Pictures in the records below must be left out. Return exactly the lines from the line with "Macacos engraçados foto" to the line with "徐州市科协第八次代表大会隆重召开", both included.

(Provided data)
★ ★ ★ ★ ★ ★ ★

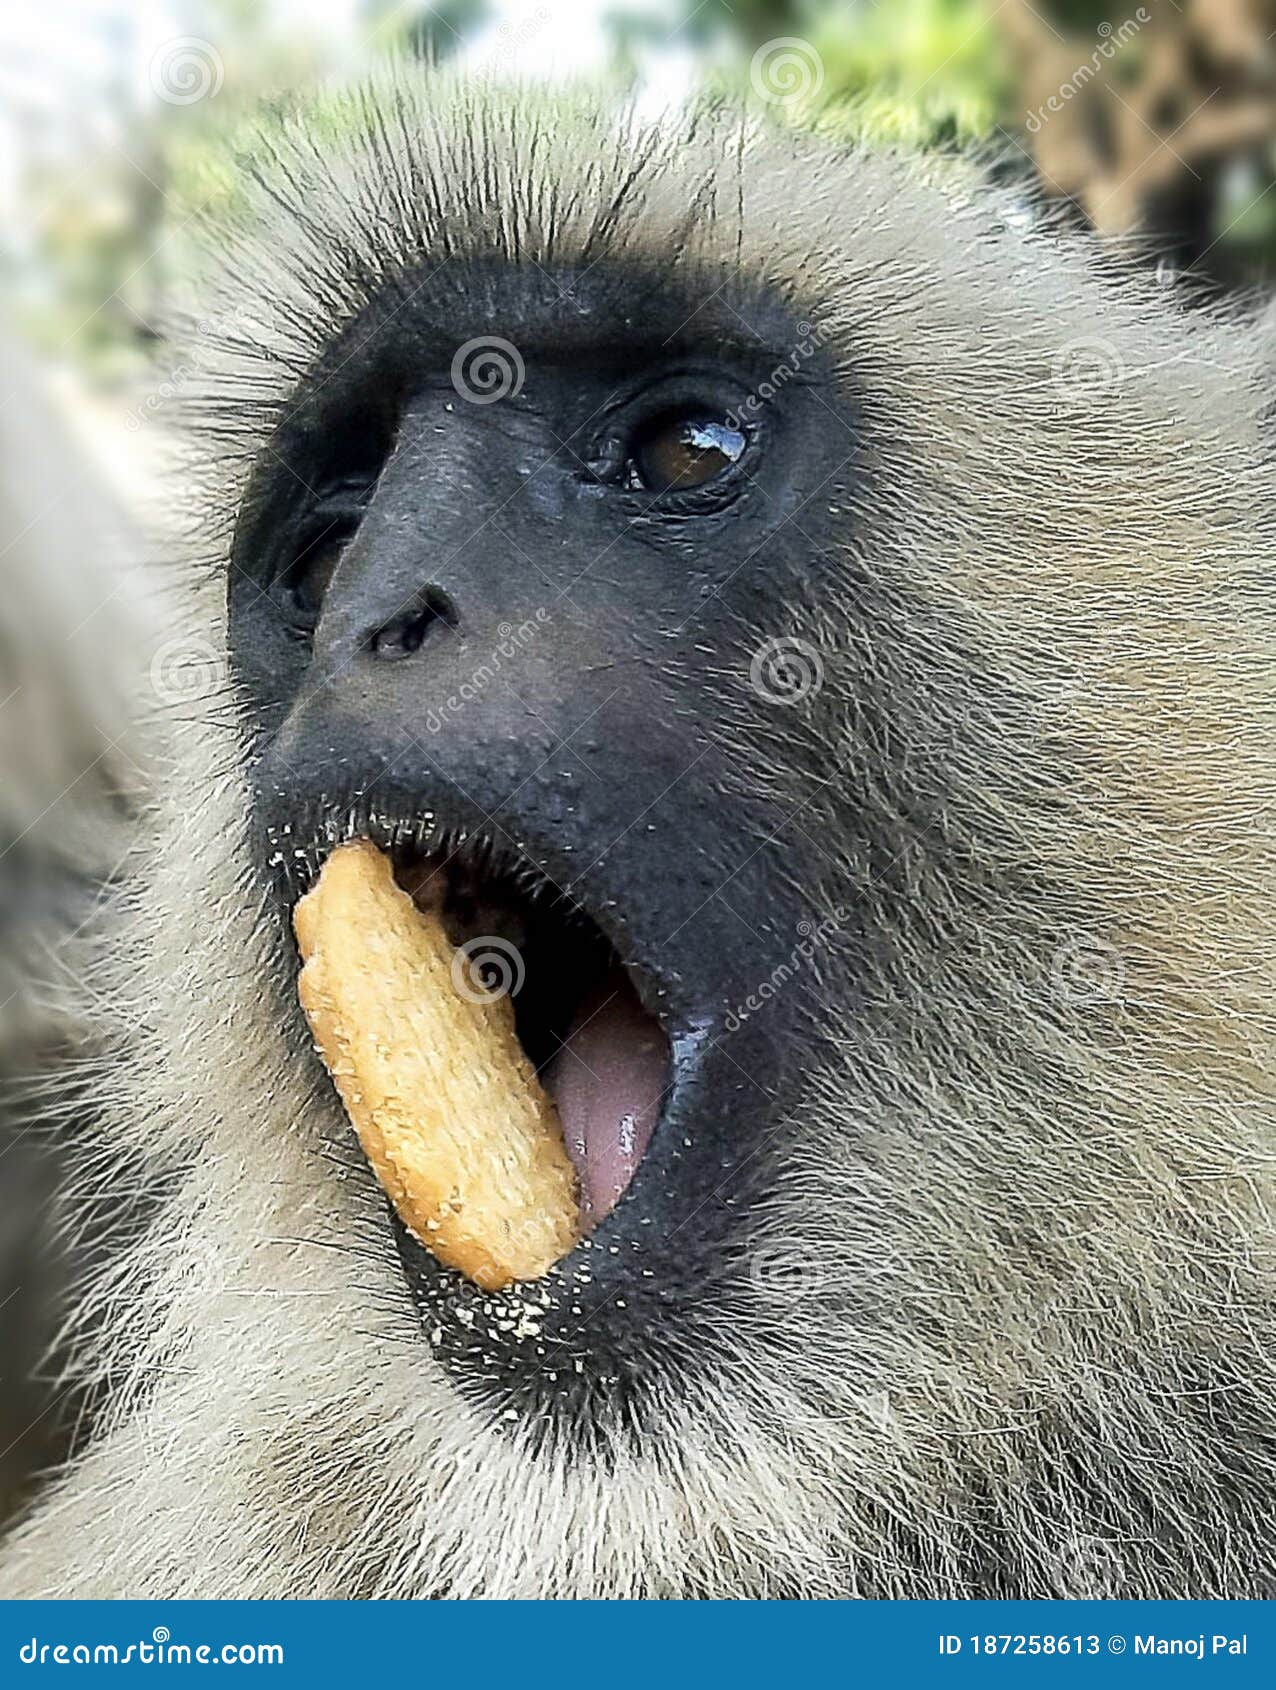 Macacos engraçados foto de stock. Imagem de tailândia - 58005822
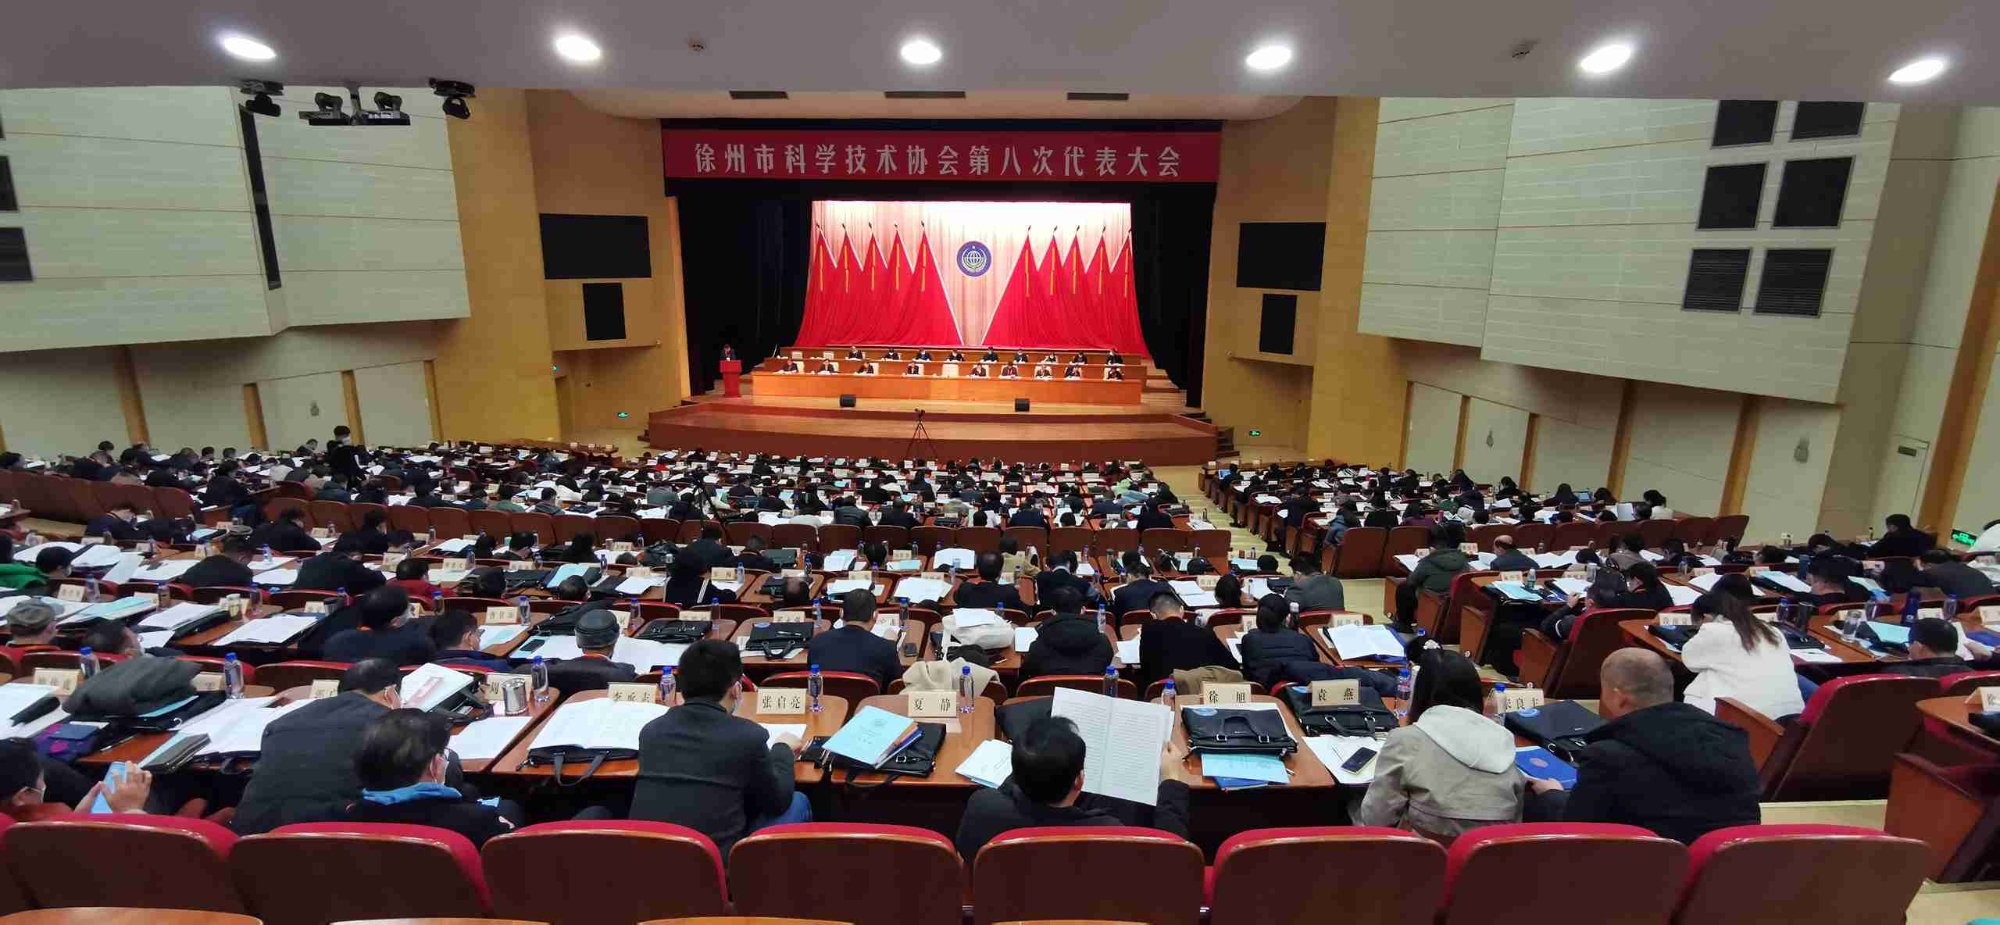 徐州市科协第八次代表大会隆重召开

★ ★ ★ ★ ★ ★ ★

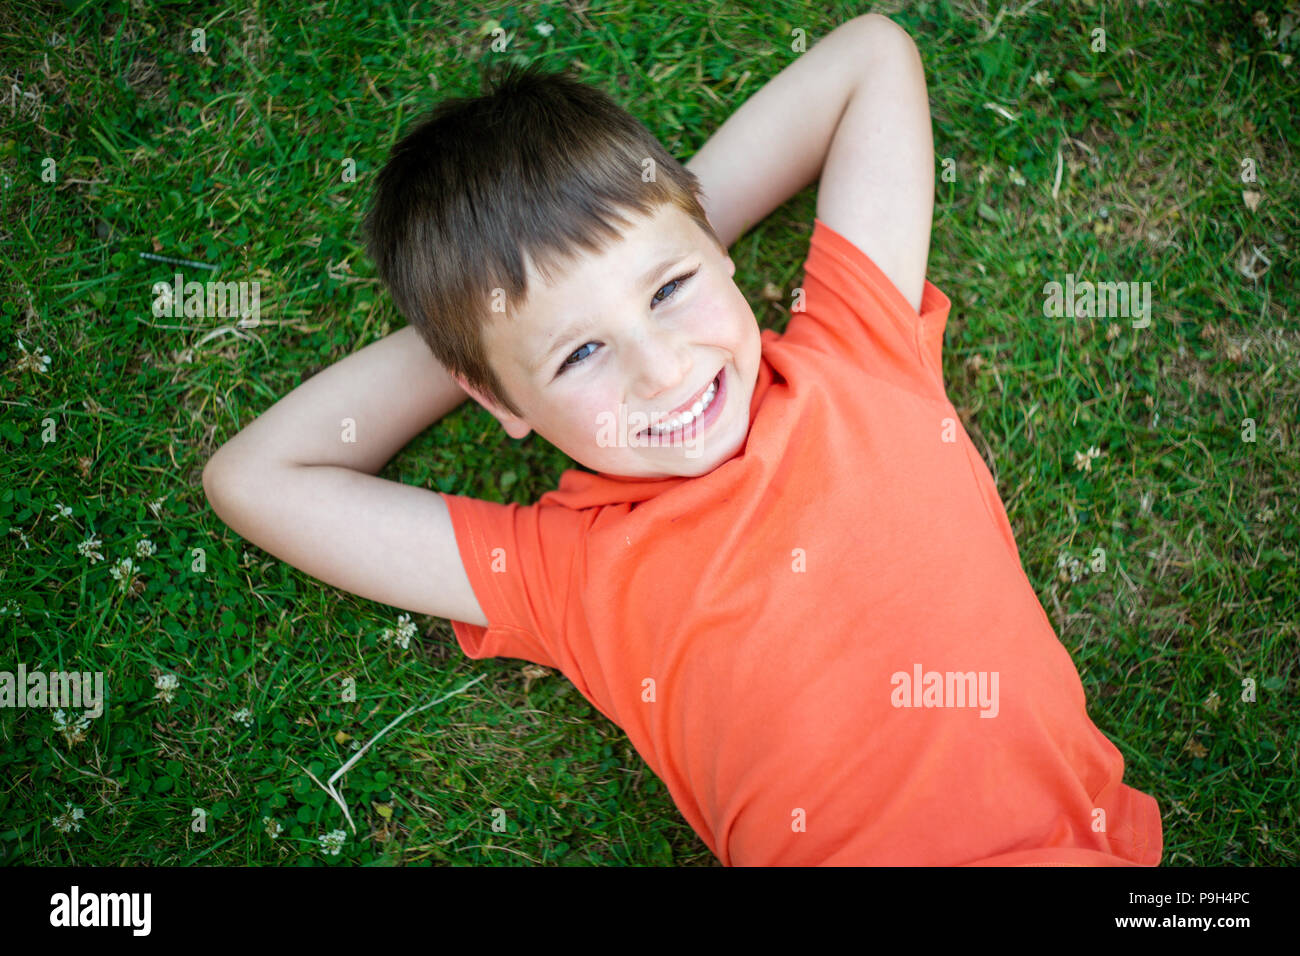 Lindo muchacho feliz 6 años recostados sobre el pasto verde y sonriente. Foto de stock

★ ★ ★ ★ ★ ★ ★

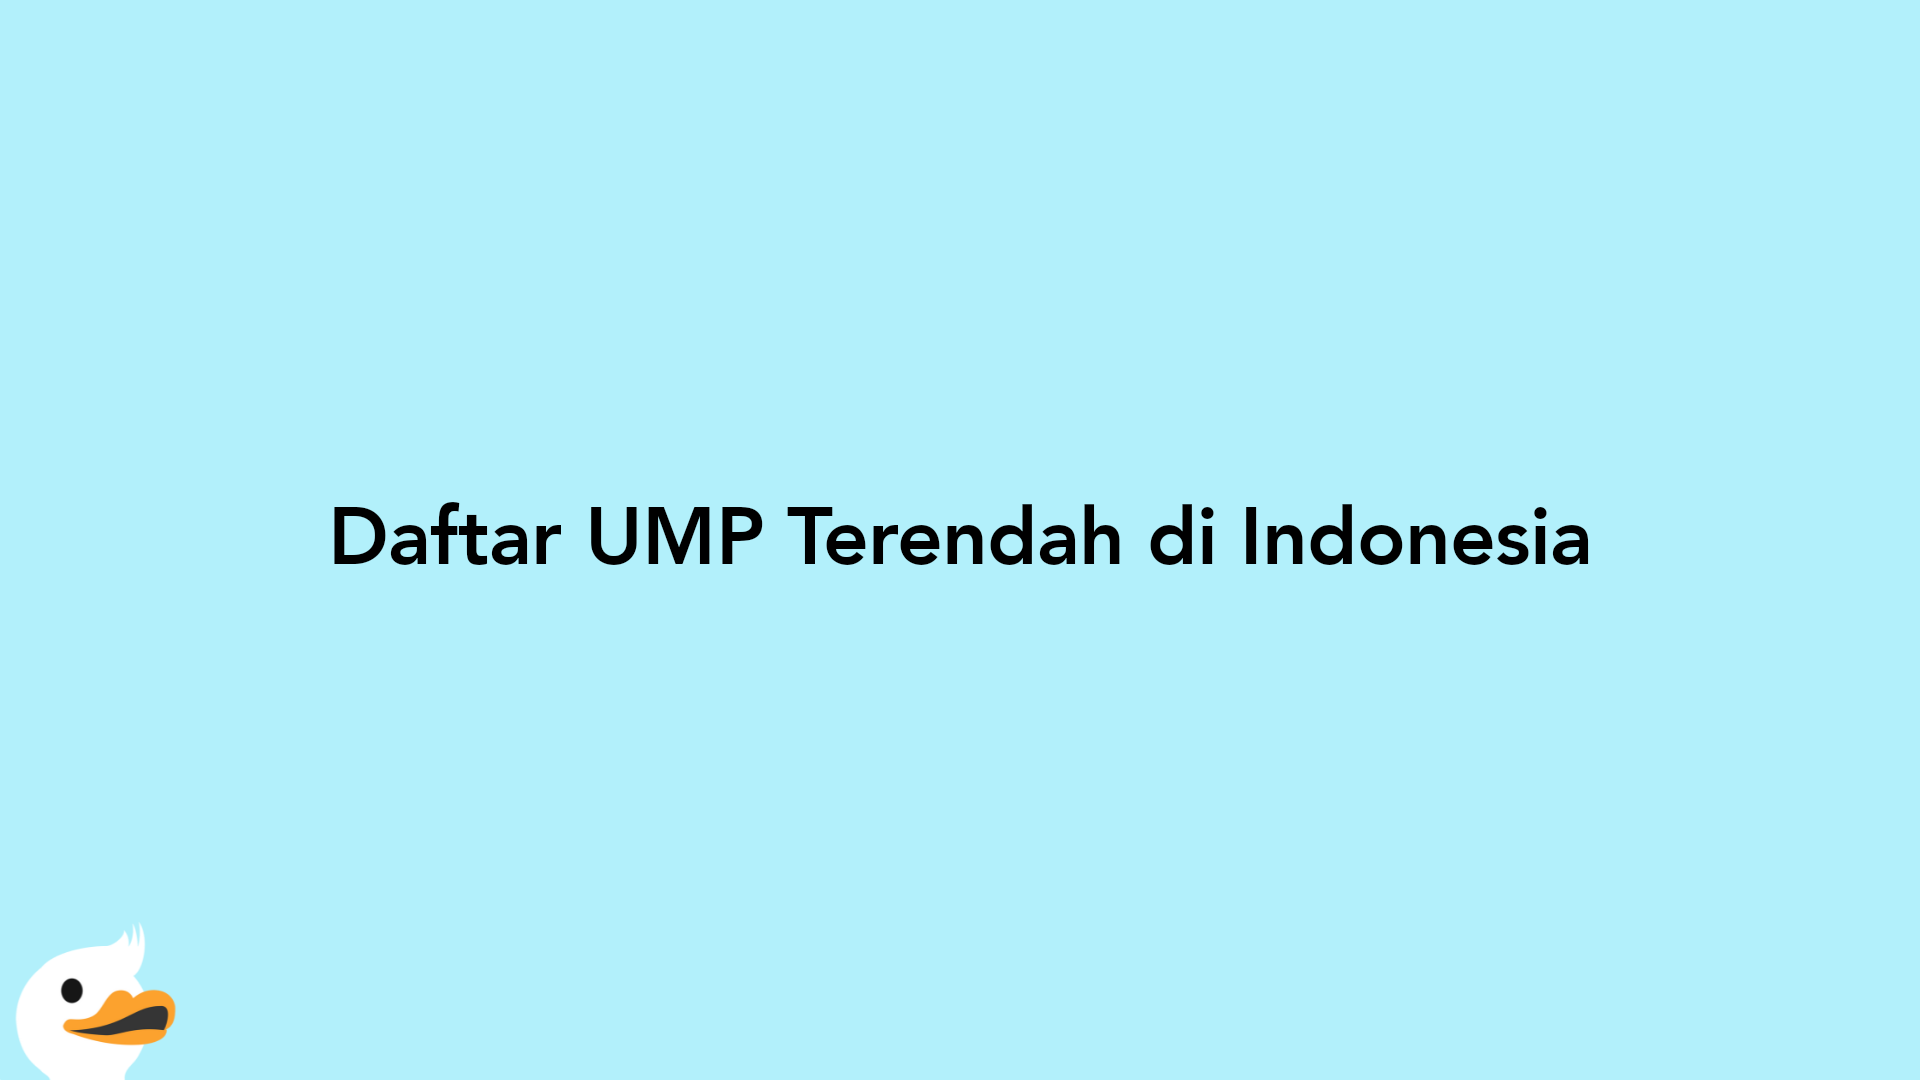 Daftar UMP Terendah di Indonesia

★ ★ ★ ★ ★ ★ ★

(Written answer)
 Macacos engraçados foto de stock. Imagem de tailândia - 58005822
 徐州市科协第八次代表大会隆重召开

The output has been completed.